The δ¹³C values of dissolved HCO₃⁻ in 75 water samples from 15 oil and gas fields (San Joaquin Valley, Calif., and the Houston-Galveston and Corpus Christi areas of Texas) were determined to study the sources of CO₂ of the dissolved species and carbonate cements that modify the porosity and permeability of many petroleum reservoir rocks. The reservoir rocks are sandstones which range in age from Eocene through Miocene. The δ¹³C values of total HCO₃⁻ indicate that the carbon in the dissolved carbonate species and carbonate cements is mainly of organic origin.

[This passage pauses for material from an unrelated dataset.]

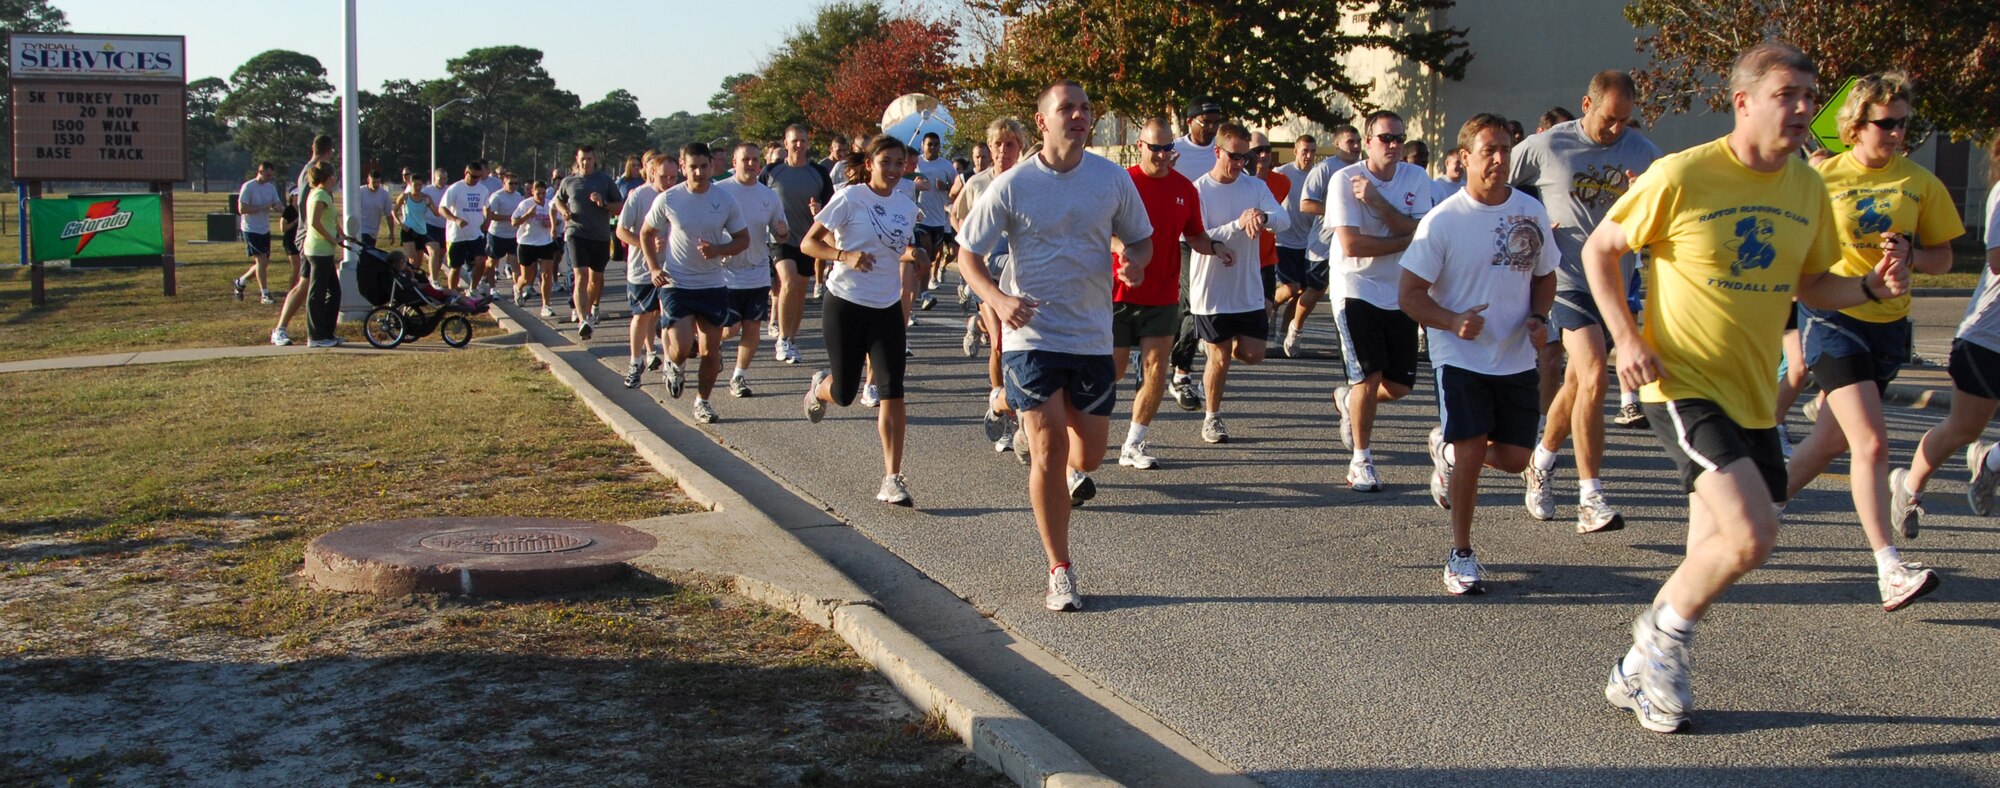 Team Tyndall members participated in Tyndall's 15th annual Turkey Trot 5k Walk/Run Thursday at the Fitness Center.  More than 100 participants showed up for the run.  (U.S. Air Force photo by Lisa Norman)
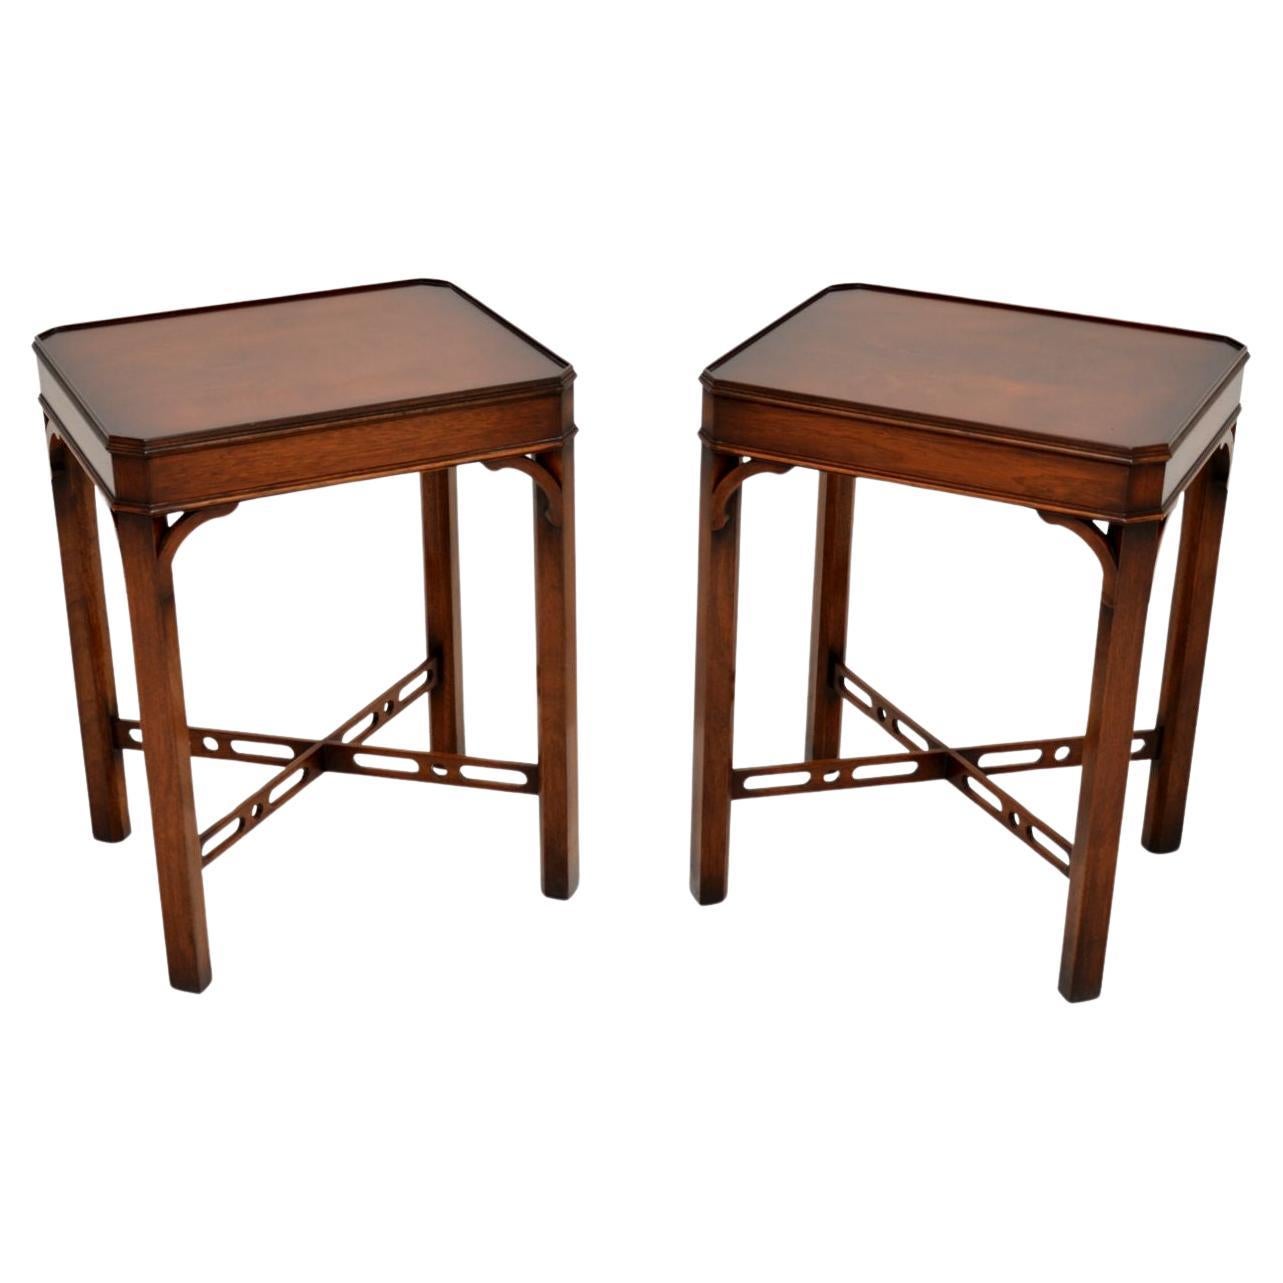 Pair of Antique Georgian Style Side Tables

The range of δ¹³C values for the HCO₃⁻ of these waters is −20–28 per mil relative to PDB. This wide range of δ¹³C values is explained by three mechanisms. Microbiological degradation of organic matter appears to be the dominant process controlling the extremely low and high δ¹³C values of HCO₃⁻ in the shallow production zones where the subsurface temperatures are less than 80°C. The extremely low δ¹³C values (< −10 per mil) are obtained in waters where concentrations of SO₄²⁻ are more than 25 mg/l and probably result from the degradation of organic acid anions by sulfate-reducing bacteria (SO₄²⁻ + CH₃COO⁻ → 2HCO₃⁻ + HS⁻). The high δ¹³C values probably result from the degradation of these anions by methanogenic bacteria (CH₃COO⁻ + H₂OaiHCO₃⁻ + CH₄).

Thermal decarboxylation of short-chain aliphatic acid anions (principally acetate) to produce CO₂ and CH₄ is probably the major source of CO₂ for production zones with subsurface temperatures greater than 80°C. The δ¹³C values of HCO₃⁻ for waters from zones with temperatures greater than 100°C result from isotopic equilibration between CO₂ and CH₄. At these high temperatures, δ¹³C values of HCO₃⁻ decrease with increasing temperatures and decreasing concentrations of these acid anions.